Materials and methods
The study retrospectively included 434 consecutive children (215 girls) who underwent a left-hand radiograph to rule out trauma between March 2008 and December 2017. Two reviewers measured the second to fourth metacarpal lengths on each radiograph and the distance between the centre of the epiphyses of the second and fifth metacarpals. A single reviewer estimated the bone age using the GP atlas. The automated software assessed the bone age for all radiographs.
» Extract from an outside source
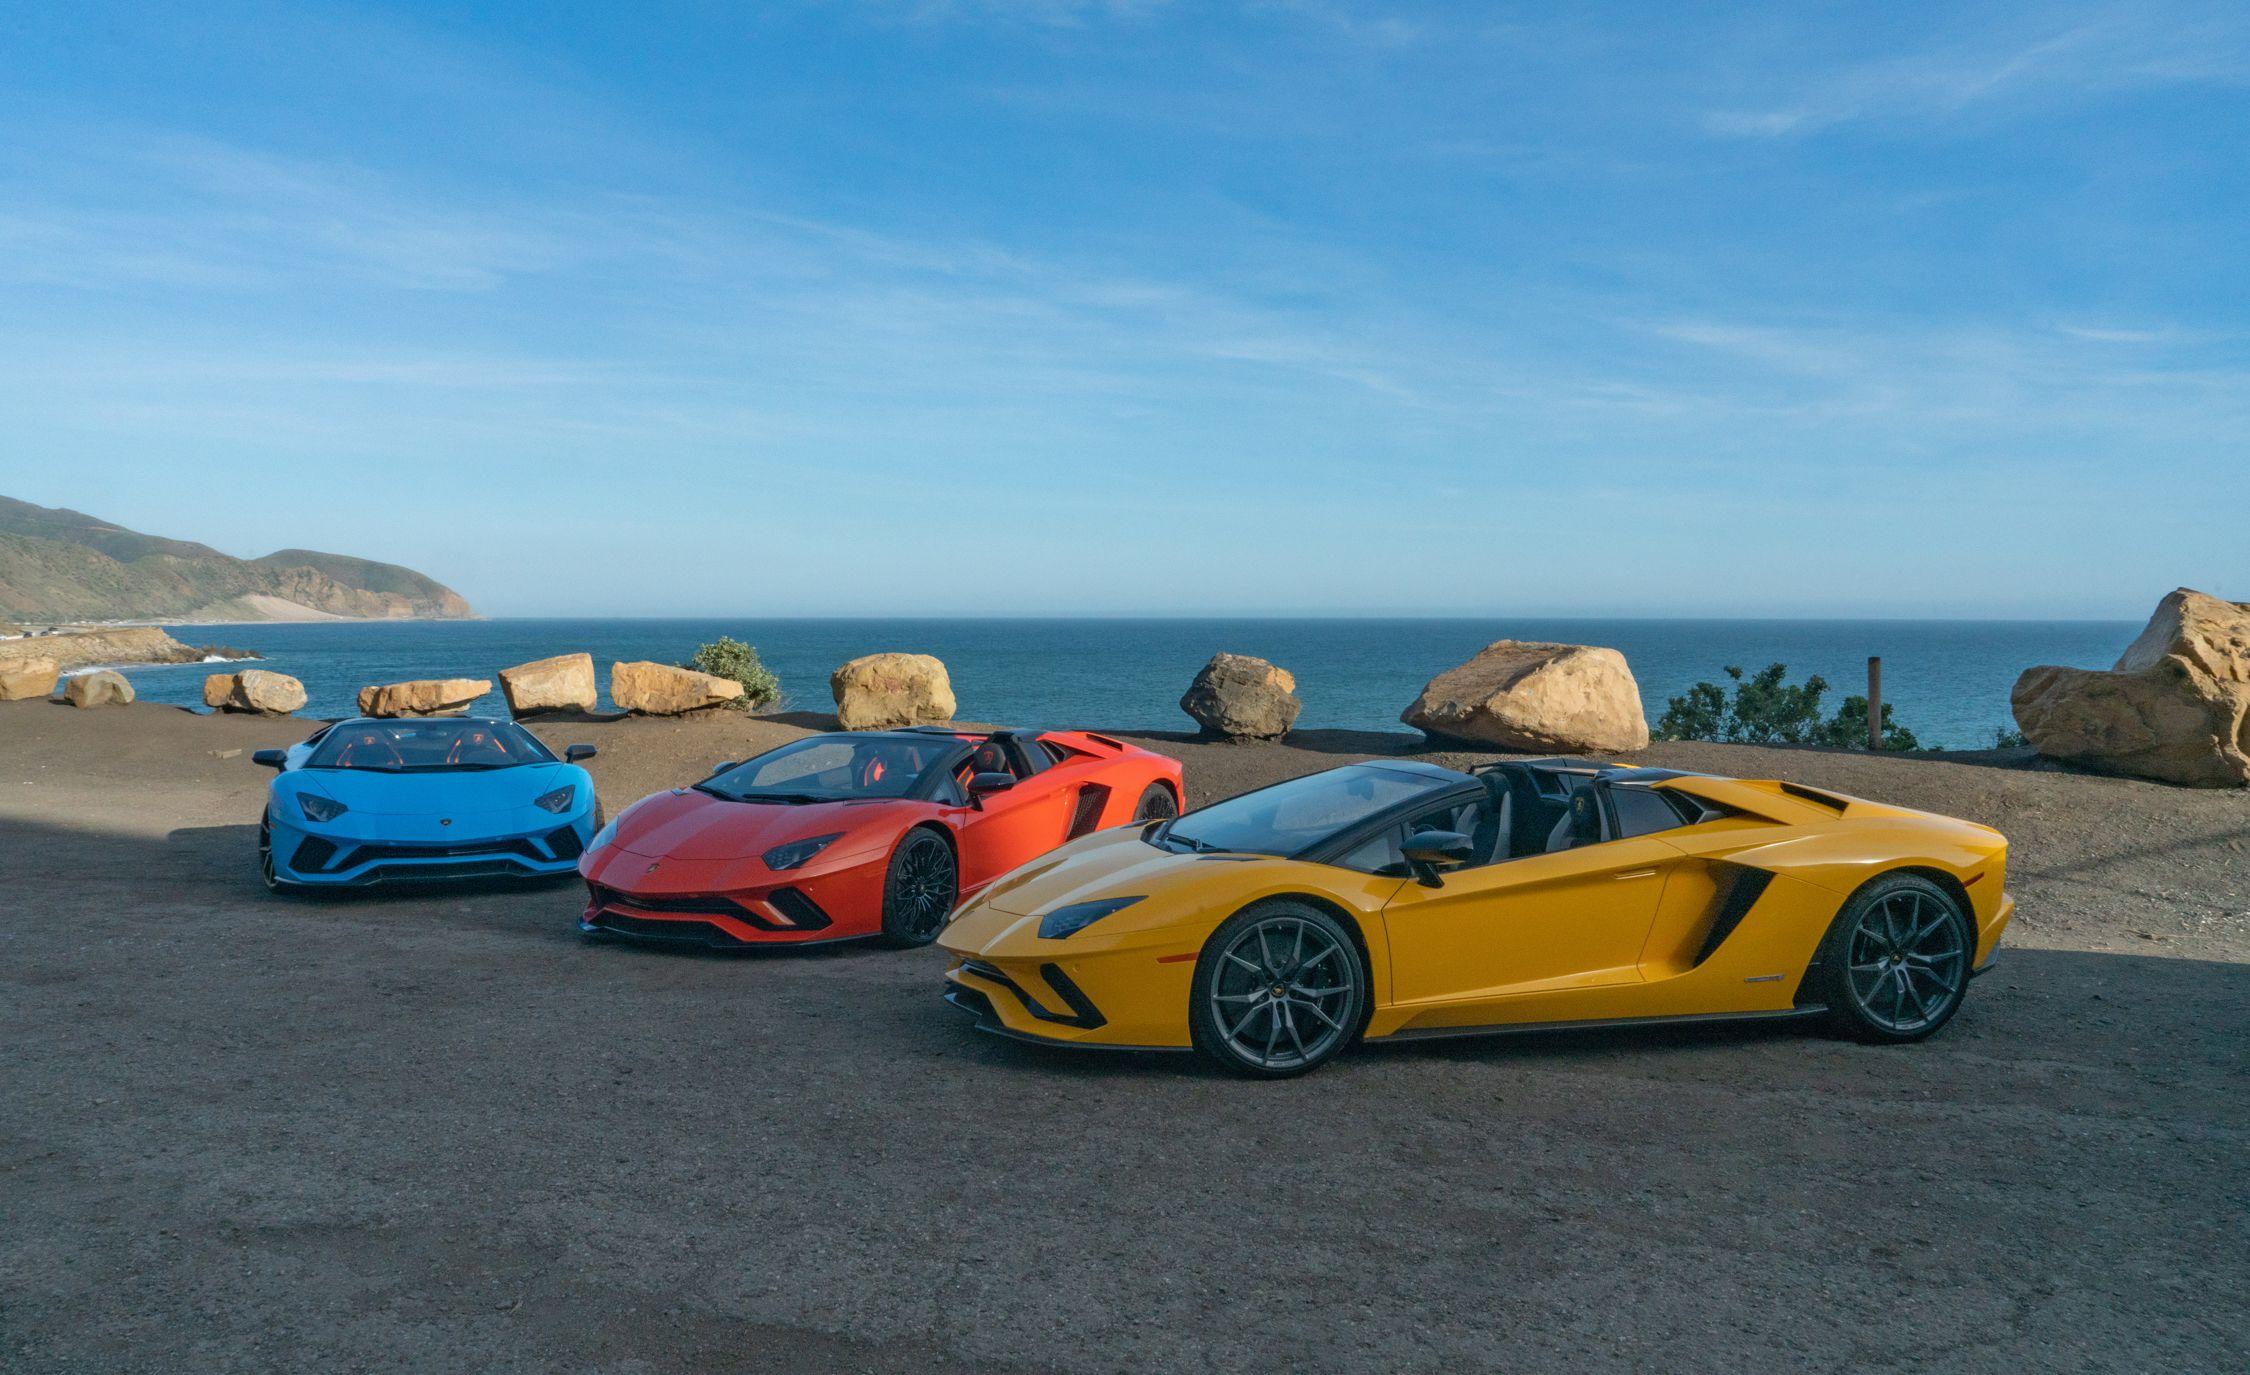 2018 Lamborghini Aventador S Roadster Wallpapers 20

A mathematical model was developed based on linear regressions to provide the mean bone age and standard deviation based on the estimates. Pearson and intraclass correlation coefficient (ICC) were used to evaluate the correlation and agreement between the estimated bone ages using Boneureka©, the GP atlas and BoneXpert® compared to chronological age.
Results
The measure that showed the highest correlation (r2=0.877 for girls and r2=0.834 for boys; P<.001) and the highest ICC (ICC=0.937 for girls and ICC=0.926 for boys; P<0.001) with chronological age was length of the second metacarpal. The GP atlas and the automated software evaluation had excellent ICC with chronological age (ICC>0.95 for both methods and sexes). Using this data, we created an online software program based on the second metacarpal length to obtain bone age estimates, means and standard deviations.
Conclusion
The newly created online software Boneureka,© based on the second metacarpal length, is a reliable and user-friendly tool to assess bone age in healthy children. Further studies on a larger population should be performed to validate the developed reference values.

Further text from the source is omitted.